Definitivamente me cansei do asfalto! Em toda a minha vida afirmei que a cidade era a melhor escolha para mim, pois dentro dela eu tenho tudo que eu necessito. Porém, estou presenciado um desenvolvimento totalmente contra a natureza. No meu bairro, por exemplo, quase toda semana eu vejo os funcionários da CEMIG cortando árvores para melhorar a transmissão de energia, ou o prédio ao lado que cortou cerca de 4 árvores para transformar em bancos e isso também inclui o meu prédio que cortou 3 palmeiras de quase 30 anos por que as folhas eram pesadas e poderiam machucar alguém. Esses exemplos são os "menos" degradantes, pois não citei ainda as obras do Mineirão que derrubou quase por completo todas as árvores do estacionamento e também o viaduto que vai ligar a Antônio Carlos ao Mineirão e derrubou boa parte da mata da UFMG em troca de estacionamento para a universidade.
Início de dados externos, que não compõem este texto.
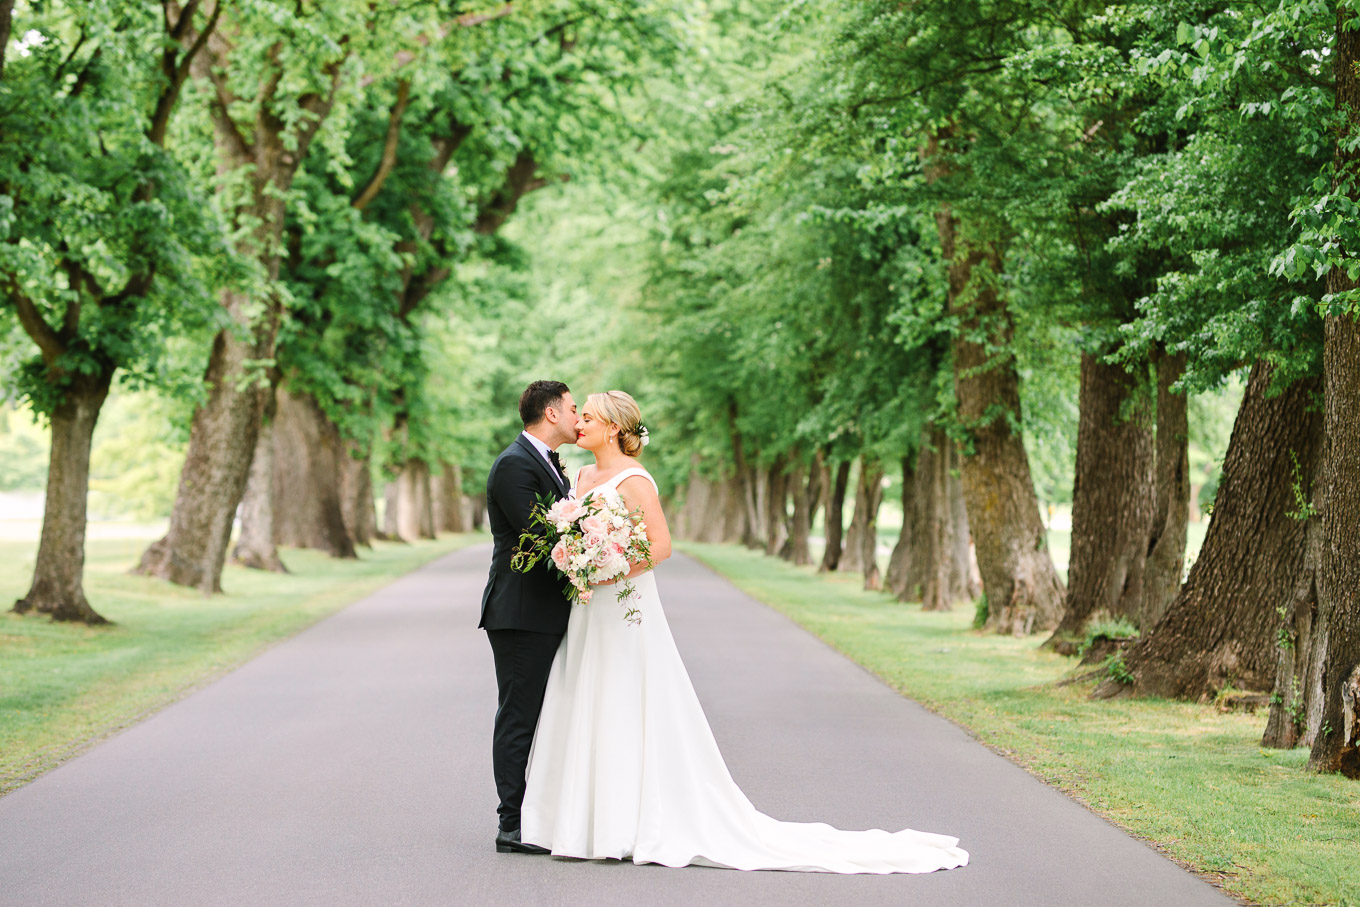 Bride and groom kissing on tree-lined road. Millbrook Resort Queenstown New Zealand wedding by Mary Costa Photography | www.marycostaweddings.com

Diante dessa situação, percebo que eu não quero mais essa urbanização destruidora. Cansei de ver árvores sendo destruídas para maior conforto de nós urbanos. Não quero mais compactuar com essas destruições de causas banais. Se pararmos para pensar e analisarmos que as árvores tem um poder essencial para a manutenção da biodiversidade, tenho certeza que não derrubaríamos tanto para aumentarmos a urbanização. As árvores abrigam diversas especies de formigas, fungos, bactérias, pássaros, mamíferos, oferece sombra, equilibra de certa forma a temperatura de uma micro-região, libera oxigênio e ainda tem o poder de armazenar carbono. A partir disso, qual o sentido de acabar com as árvores? Se continuarmos assim, vamos diminuir toda essa biodiversidade e consequentemente piorar nossa qualidade de vida.
Portanto, quero fugir desse marasmo e ir para um lugar onde tenha tranquilidade, horta, cachorro, plantas, ar puro e principalmente árvores. Cansei dessa urbanização, cansei do estresse da cidade grande, cansei desse ar poluído, cansei desse apartamento, cansei do asfalto, cansei do concreto... Cansei daqui! Como diz Elis Regina: "Eu quero uma casa no campo, Onde eu possa ficar no tamanho da paz. [...] Eu quero o silêncio das línguas cansadas. [...] Eu quero plantar e colher com a mão, a pimenta e o sal [...] Onde eu possa plantar meus amigos, meus discos e livros, E nada mais.